I dioscuri insistono sul “tecnico”: sempre che il Colle dica sì
Se il prescelto gialloverde non convincerà Mattarella, tornerà in gioco Di Maio: che forse un po’ ci spera pure
Questa mattina si rivedranno, a Roma. E sarà il punto finale prima della salita al Colle, con ogni probabilità domani. Quello per i dettagli, sarebbe da supporre: perché dalla pancia del Movimento continuano a giurarlo, Luigi Di Maio e Matteo Salvini sono già d’accordo sul nome del premier. Una figura terza, non eletta. “E se fosse stato uno dei due leader l’altro avrebbe avuto grandi problemi a reggerlo con la sua base”, come confermano anche due fonti di alto livello della Lega.
PERÒ NEL SABATO in cui Di Maio gira come una trottola per banchetti e comizi elettorali tra il Piemonte, l’Emilia Romagna e le Marche, mentre Salvini si manifesta tra i gazebo della sua Milano, i due capi diffondono verità che stridono tra loro. Perché il segretario del Carroccio suona e risuona la stessa nota: “Il premier sarà una figura che vada bene a entrambi con esperienza professionale incontestabile e che condivida e abbia contribuito alla stesura del programma” (caratteristica invocata anche dal costituzionalista Michele Ainis sul Fatto, ieri). Ergo, “è chiaro che non saremo né io né Di Maio”.
Poi però c’è proprio lui, Di Maio, che prima (ri)parla di “un premier che sarà amico o amica del popolo”. E poi in serata rilancia: “Non so se sarò premier o nella squadra di governo”. Insomma, una bella differenza con le parole di Salvini. Con cui si punge a distanza sul reddito di cittadinanza: il leghista rivendica di aver fatto mettere nel contratto di governo un limite di due anni al totem del M5S, mentre per Di Maio “parlare di limite è un’interpretazione totalmente sbagliata”.
E allora è lecito chiedersi se sia solo una cortina fumogena per coprire il vero nome o se la quadra per Palazzo Chigi sia davvero ancora da perfezionare. Certo, è evidente come il profilo descritto da Salvini possa coincidere con quello di Giuseppe Conte, l’avvocato e docente universitario che Di Maio aveva voluto come ministro alla Pubblica amministrazione nella squadra presentata prima delle Politiche.

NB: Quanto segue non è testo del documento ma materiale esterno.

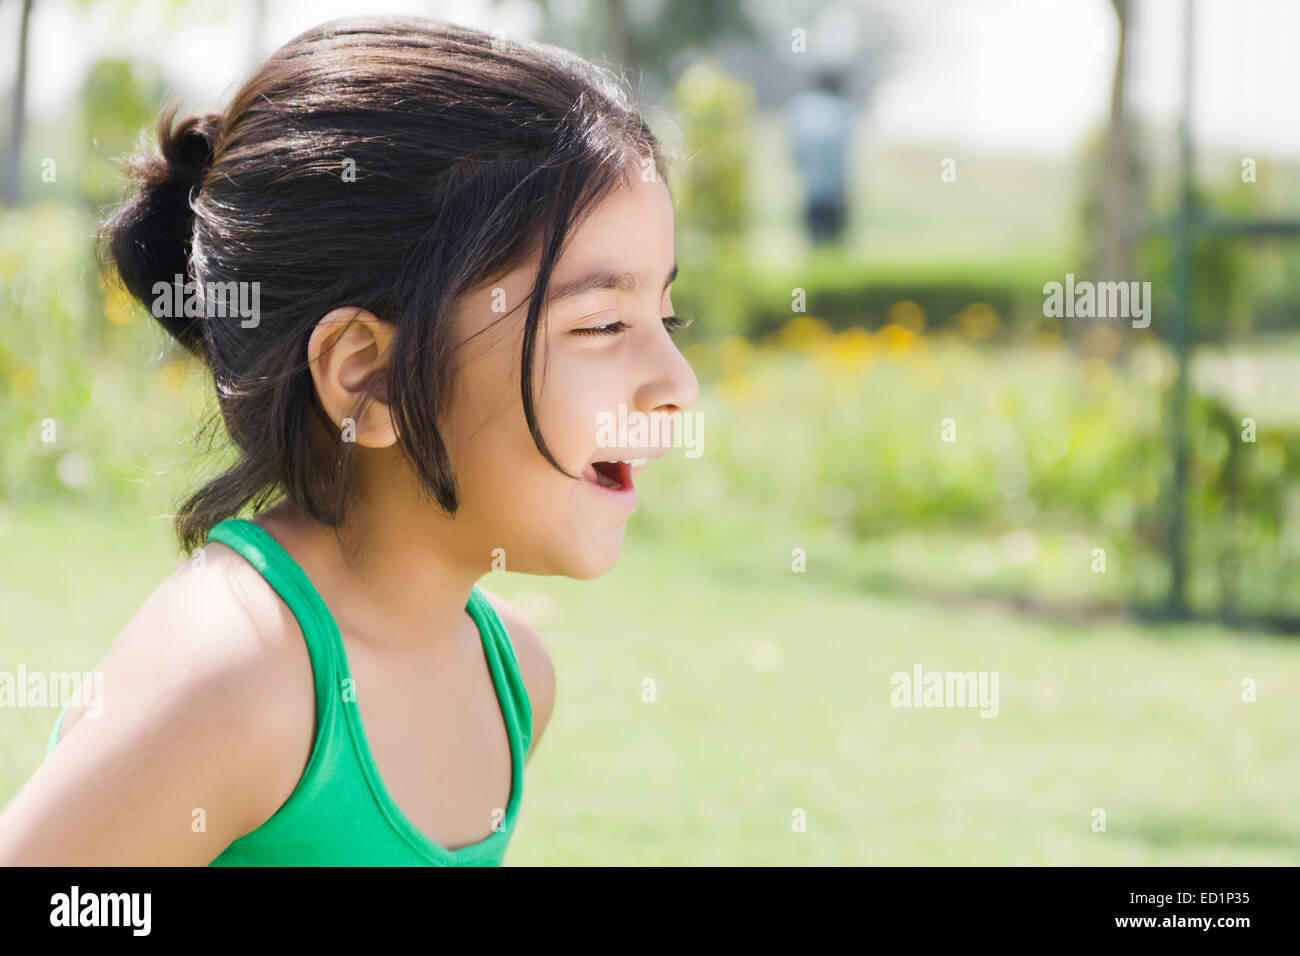 Ich Inder schönes Kind Mädchen Park zu genießen Stockfoto

L’unico vero nome finora messo sul tavolo dal M5S, non presentato al Quirinale lunedì scorso (almeno ufficialmente) perché bocciato dalle perplessità di Salvini un paio di ore prima di salire al Colle. Di Maio non lo ha mai messo da parte definitivamente. Ma anche dentro il M5S sanno che potrebbe es- sere troppo leggero per il Quirinale. E in assoluto l’essere stato svelato giorni fa su tv e giornali non aiuta Conte. Quindi i sussurri che dal Movimento parlano di un’altra figura terza già trovata, di cui nessuno ha mai parlato, hanno senso. Però c’è sempre il Di Maio che non si decide al passo indietro pubblico. E che così alimenta un sospetto: ossia che speri in un assist magari indiretto di Sergio Mattarella, che potrebbe bocciare il tecnico e affidare comunque l’incarico al leader del Movimento con 11 milioni di voti, cioè a Di Maio. Congetture, forse.

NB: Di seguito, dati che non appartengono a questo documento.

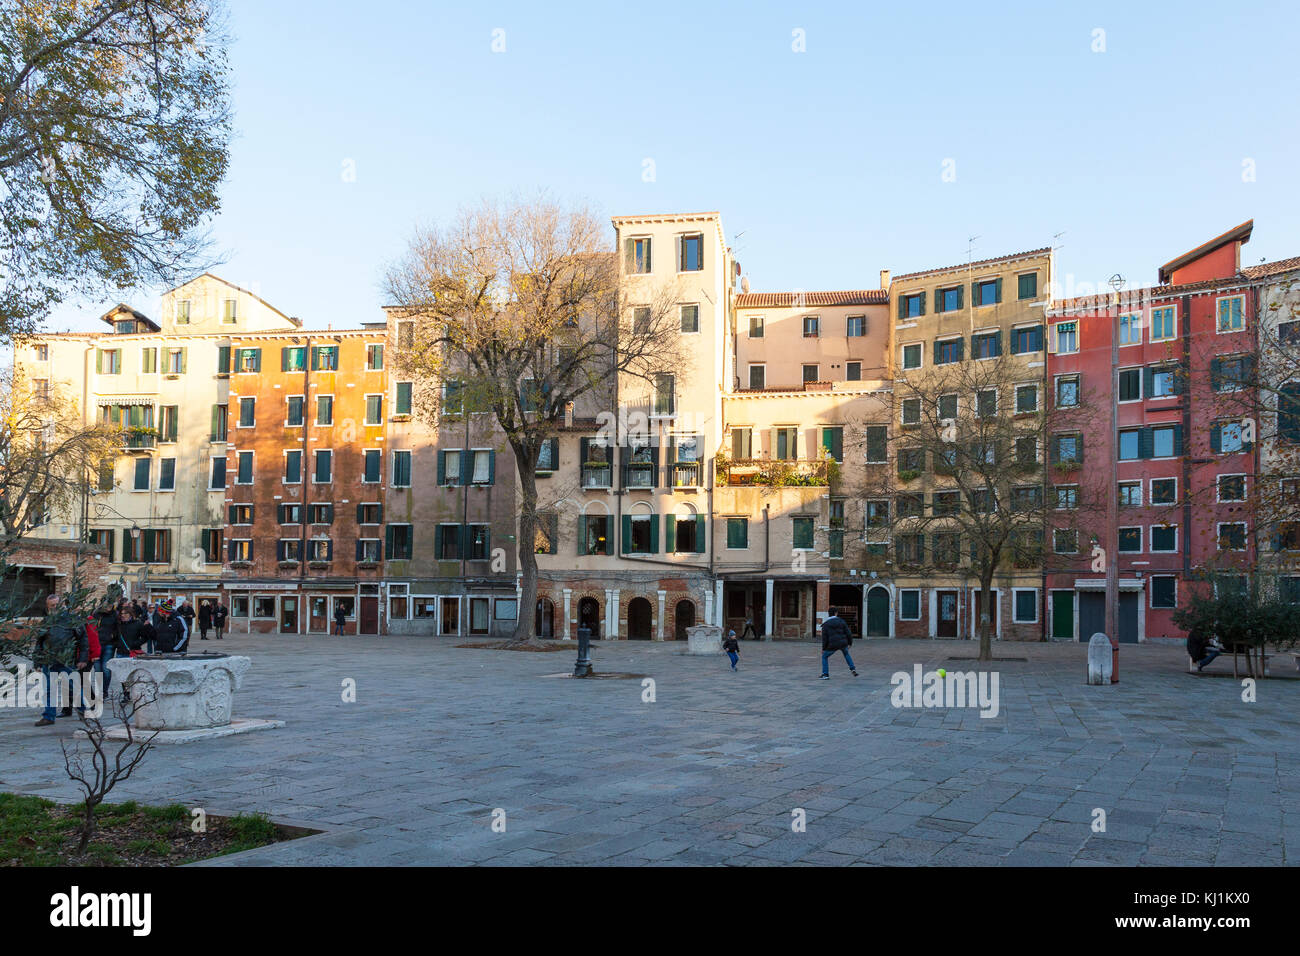 Das jüdische Ghetto, Campo de Ghetto Novo, in der Dämmerung, Venedig, Venetien, Italien withits typischen hohen Gebäuden wegen Mangel an Land zu den Juden zugeordnet Stockfoto

DI SICURO PERÒ nel M5S sperano ancora che il capo ce la faccia all’ultimo miglio. E quella sua dichiarazione, “non so se andrò a Palazzo Chigi”, è stata accolta da molti parlamentari come un gol. Di Maio lo sa e nell’attesa si prende tutto il tempo che gli resta per chiudere la tela. Anche sui ministri, perché diverse caselle ballano ancora. A partire da quella per la Giustizia, per cui rimane comunque favorito il dimaiano doc Alfonso Bonafede. Mentre per le Infrastrutture salgono le quotazioni della grillina Laura Castelli e la Lega insi- ste per avere il ministero dello Sviluppo economico. “Ci stiamo sentendo al telefono con Salvini, oggi e domani saranno decisivi”, spiegava ieri il leader del M5S.

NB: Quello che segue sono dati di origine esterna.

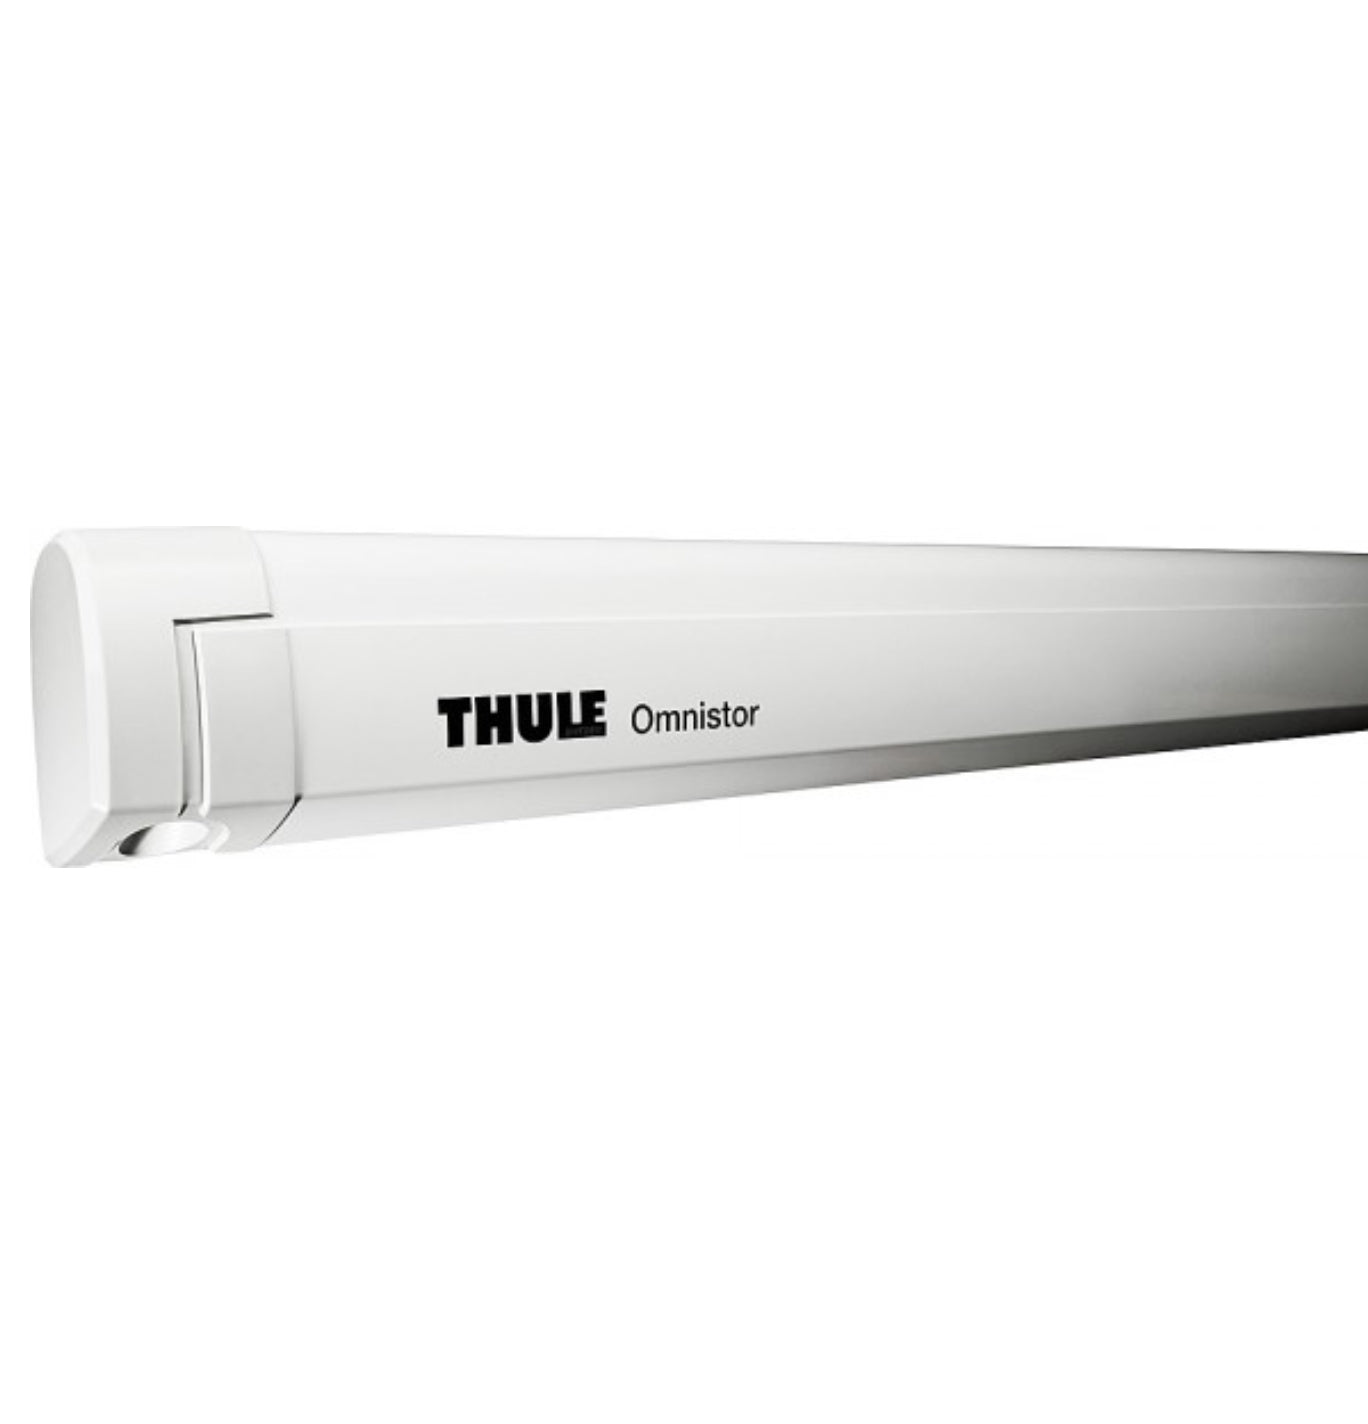 Thule Omnistor 5200 3.52m White

Agenda alla mano, nel pomeriggio Di Maio dovrebbe essere a Teramo e poi in serata a Silvi Marina, sempre in Abruzzo. Ed è un altro indizio del fatto che la quadra almeno sul premier potrebbe già esserci. Perché in caso di grave stallo difficilmente i due leader si sarebbero lasciati solo un margine di poche ore per vedersi, dopo due giorni di contatti solamente telefonici. Però l’identità del presidente del Consiglio rimane per ora un mistero, per nulla buffo. “Il nome lo diremo solo a Mattarella”, giurano Salvini e Di Maio. Comunque pokeristi, fino all’ultimo secondo.